Following this class, we reached out to Gregory Stoddart and invited him to join us in writing this piece. He declined, citing his satisfying retirement from McMaster University, but did send this email message: “Although as you know I think that the fantasy equation may be unsolvable, that doesn’t mean that we don’t know which directions to reallocate resources. The concept of marginal returns can and should guide us here, even in rough orders of magnitude. We don’t require precision to help more people be healthy or to be more equitable.”
In other words, robust estimates of directions and orders of magnitude may be just as important in serving decision makers as precise but unreliable findings. In a clinical research context, John Mullahy and colleagues described this challenge this way: “If the considerable investment in turning discovery into health is to pay off, then understanding when research efforts do and do not yield complete discovery is essential. When research falls short of yielding complete discovery, the fact that it may partially identify magnitudes of interest should be celebrated, not bemoaned.”
With all that said, there remains an equally pressing step in solving “the” fantasy equation—whether fully or partially. That is to investigate what kinds of information about these cause-effect relationships are actually useful to know. A valuable concrete step in this direction would be to engage real-world decision makers to learn what sort of information about population health causes and effects would be most valuable in shaping policy and practice.

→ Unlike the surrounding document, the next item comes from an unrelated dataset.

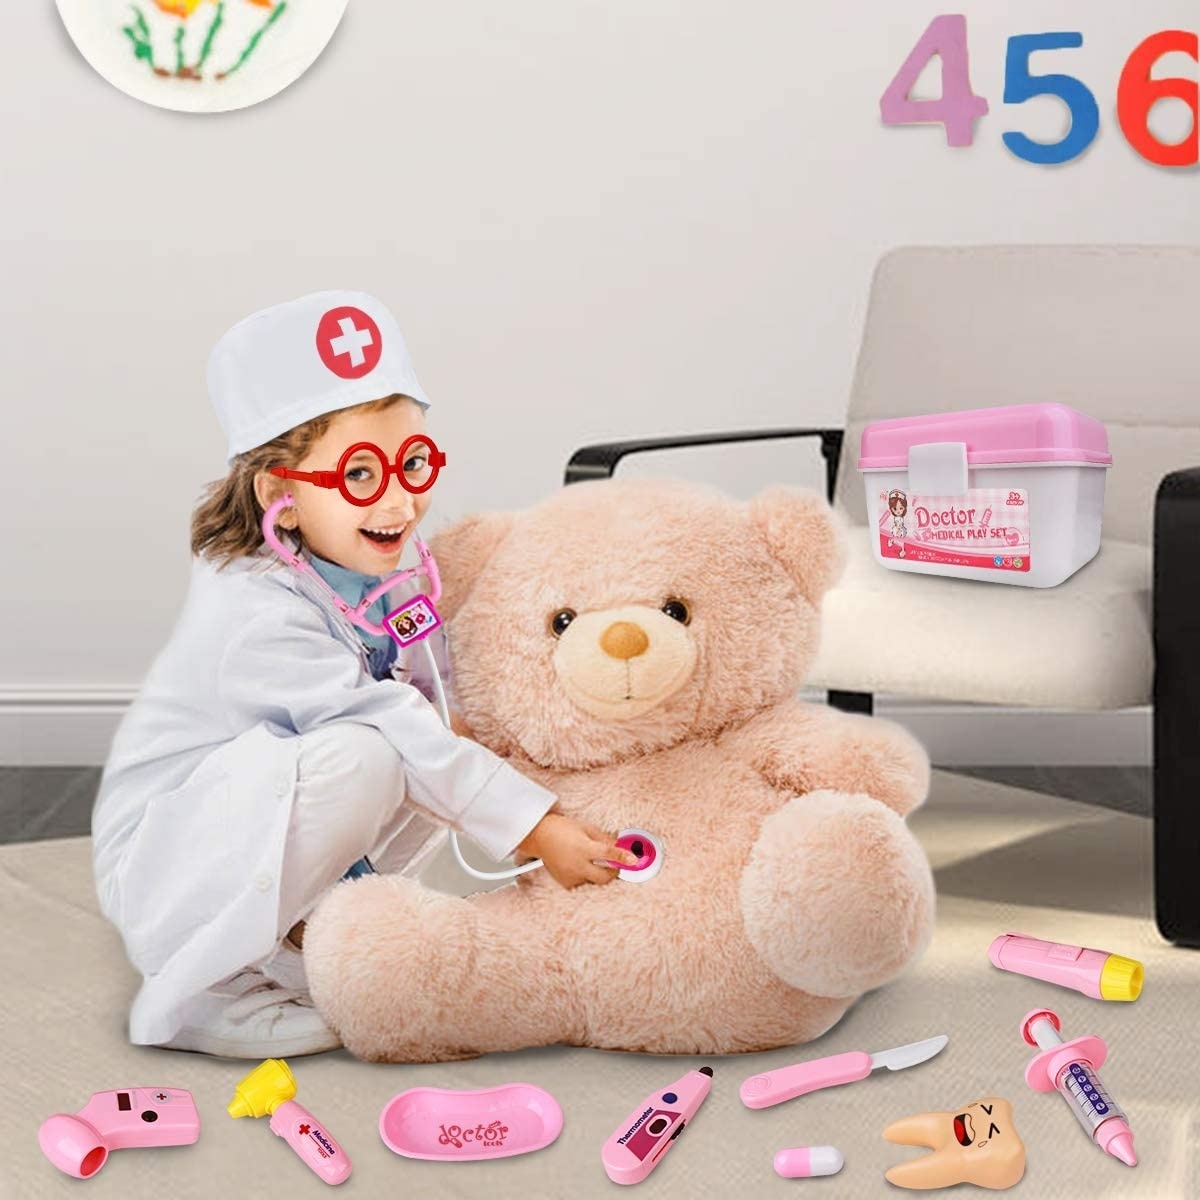 35-Pcs-Simulation-Medical-Role-Play-Pretend-Doctor-Game-Equipment-Set-Educational-Toy-with-Box-for-K-1730581-9

George Box wrote famously that “all models are wrong, but some are useful.” The task at hand is to determine decision makers’ willingness to trade off “right” for “useful.” We speculate that many will tolerate a reasonable degree of imprecision. Knowing this should usefully guide the next generation of population health research about the fantasy equation.
We appreciate the contributions of students from the fall 2021 class “Introduction to Population Health” PHS 795 University of Wisconsin Madison School of Medicine and Public Health.